Василий откуда-то издали, точно не узнавая, посмотрел на Вернера и опустил глаза.
– Вася, что это у тебя с волосами, а? Да ты что? Ничего, брат, ничего, ничего, сейчас кончится. Надо держаться, надо, надо.
Василий молчал. И когда начало уже казаться, что он и совсем ничего не скажет, пришел глухой, запоздалый, страшно далекий ответ: так на многие зовыы могла бы ответить могила:
– Да я ничего. Я держусь.
И повторил.
– Я держусь.
Вернер обрадовался.
– Вот, вот. Молодец. Так, так.
Но встретил темный, отяжелевший, из глубочайшей дали устремленный взор и подумал с мгновенною тоскою; «Откуда он смотрит? Откуда он говорит?» И с глубокое нежностью, как говорят только могиле, сказал:
– Вася, ты слышишь? Я очень люблю тебя.
– И я тебя очень люблю, – ответил, тяжело ворочаясь, язык.

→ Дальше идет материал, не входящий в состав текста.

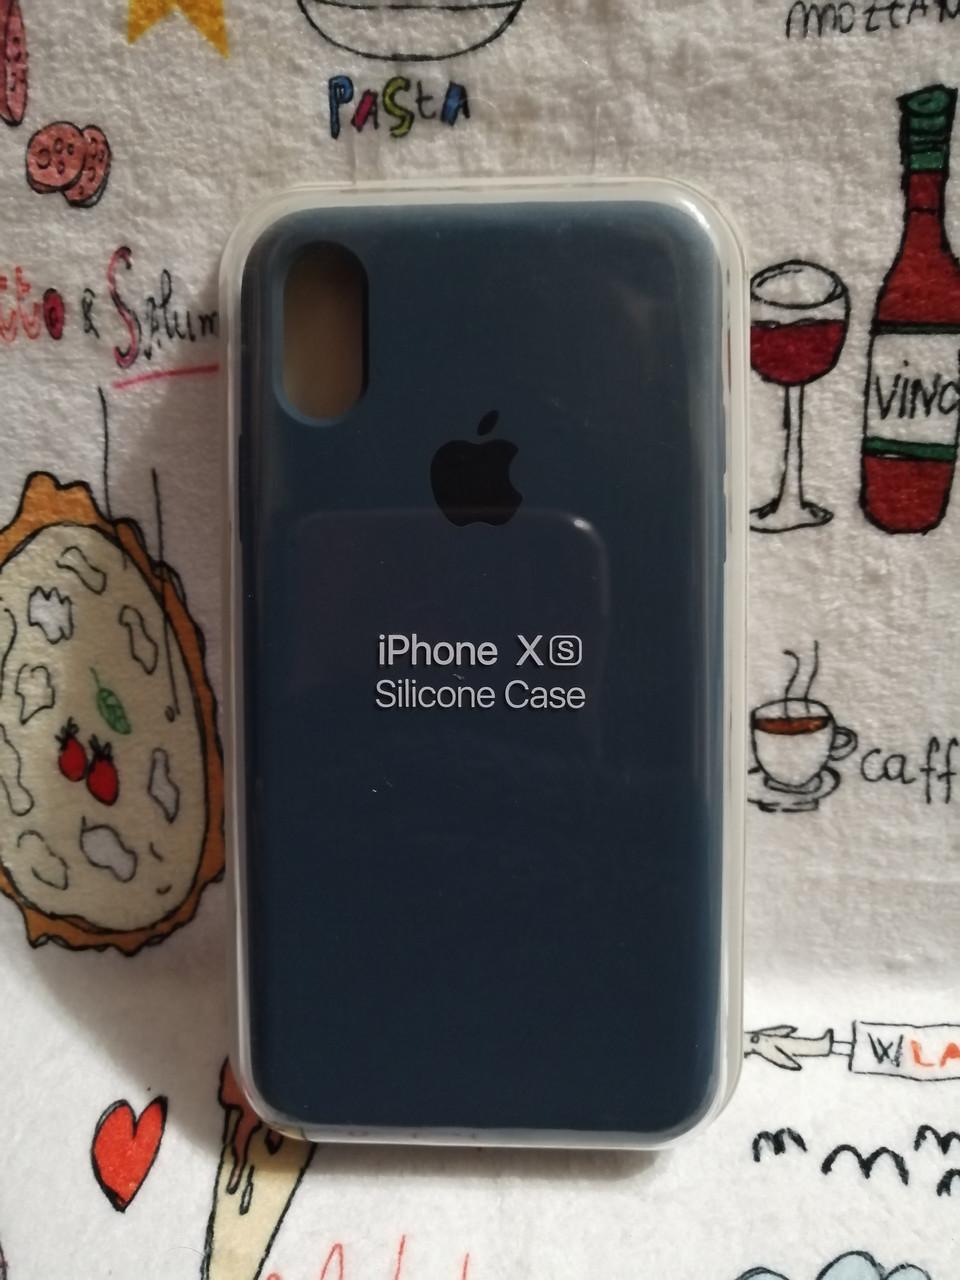 Чехол iPhone X / Xs Soft Touch Silicone Case с микрофиброй внутри (MKX32FE) - Color 28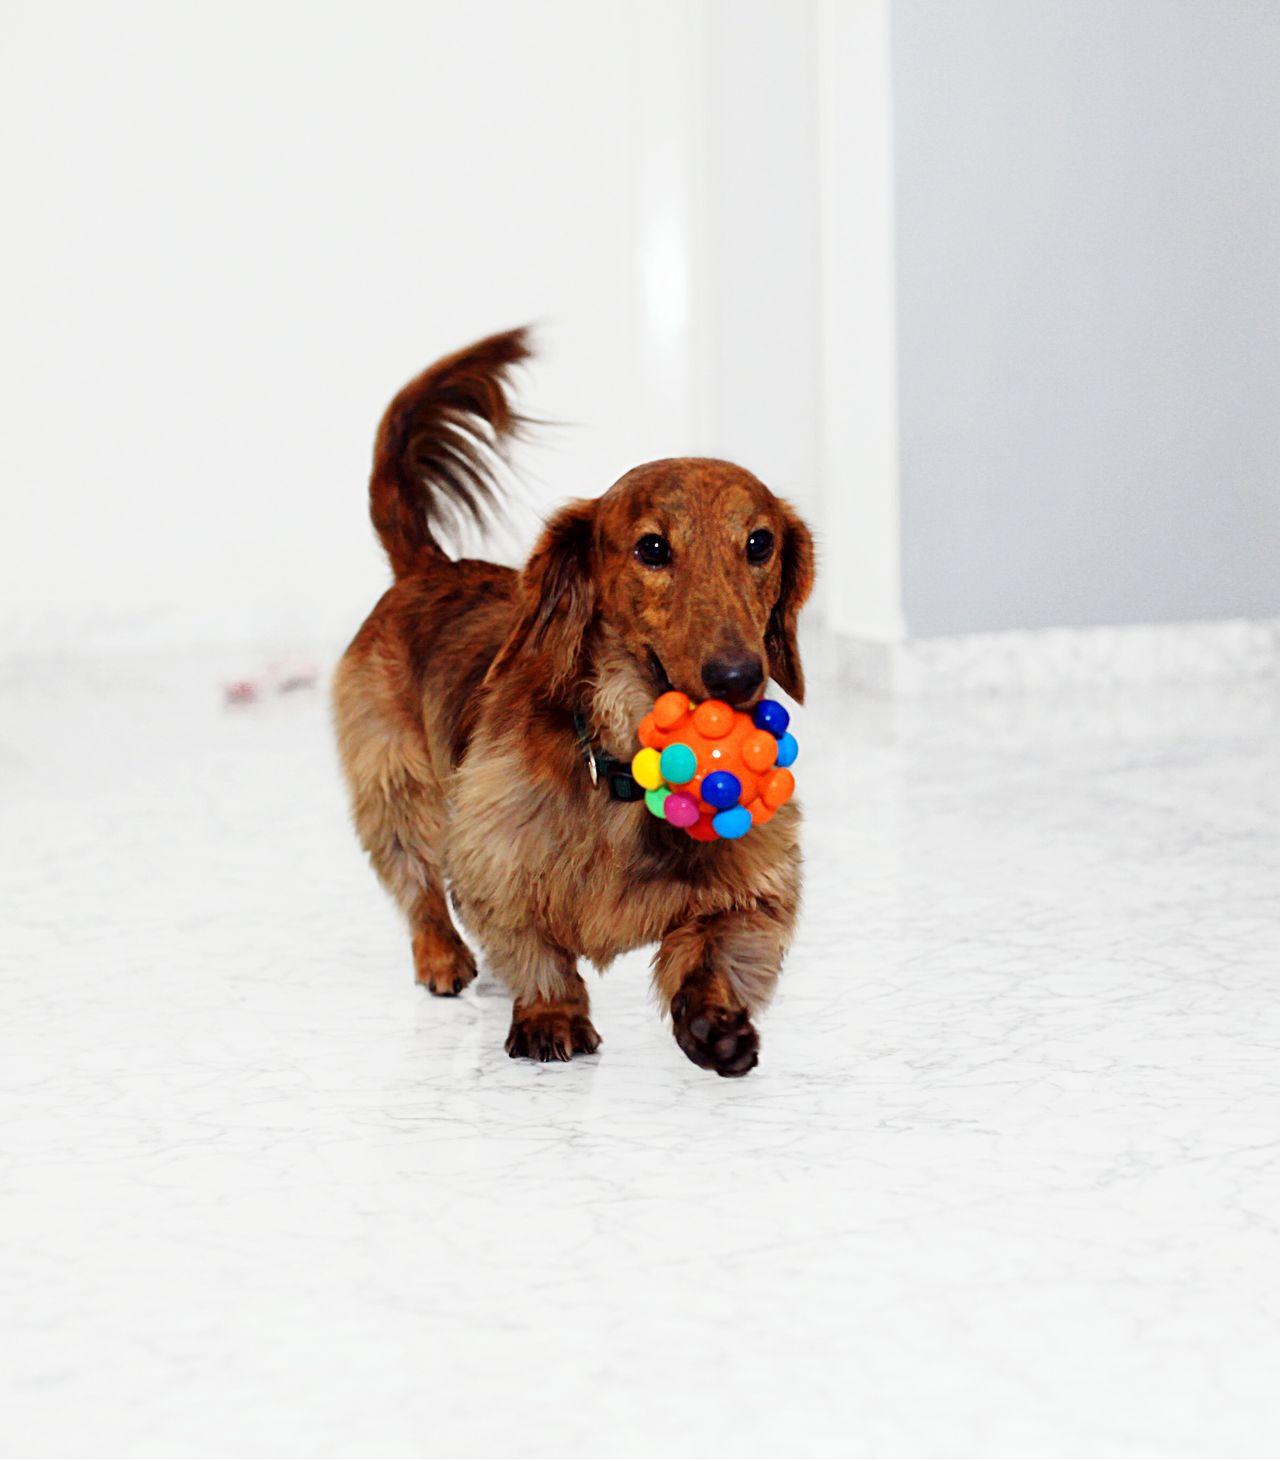 I Love My Dog Pets Corner Pet Photography  Dachshund Pet Dog Love Cute Pets Pets

Вдруг Муся взяла Вернера за руку и, выражая удивление, усиленно, как актриса на сцене, сказала:
– Вернер, что с тобой? Ты сказал: люблю? Ты никогда никому не говорил: люблю. И отчего ты весь такой… светлый и мягкий? А, что?
– А, что?
И, как актер, также усиленно выражая то, что он чувствовал, Вернер крепко сжал Мусину руку:
– Да, я теперь очень люблю. Не говори другим, не надо, совестно, но я очень люблю.
Встретились их взоры и вспыхнули ярко, и все погасло кругом: так в мгновенном блеске молнии гаснут все иные огни, и бросает на землю тень само желтое, тяжелое пламя.
– Да, – сказала Муся. – Да, Вернер.
– Да, – ответил он. – Да, Муся, да!
Было понято нечто и утверждено ими непоколебимо. И, светясь взорами, Вернер всколыхнулся снова и быстро шагнул к Сергею.
– Сережа!
Но ответила Таня Ковальчук. В восторге, почти плача от материнской гордости, она неистово дергала Сергея за рукав.
– Вернер, ты послушай! Я тут о нем плачу, я убиваюсь а он – гимнастикой занимается!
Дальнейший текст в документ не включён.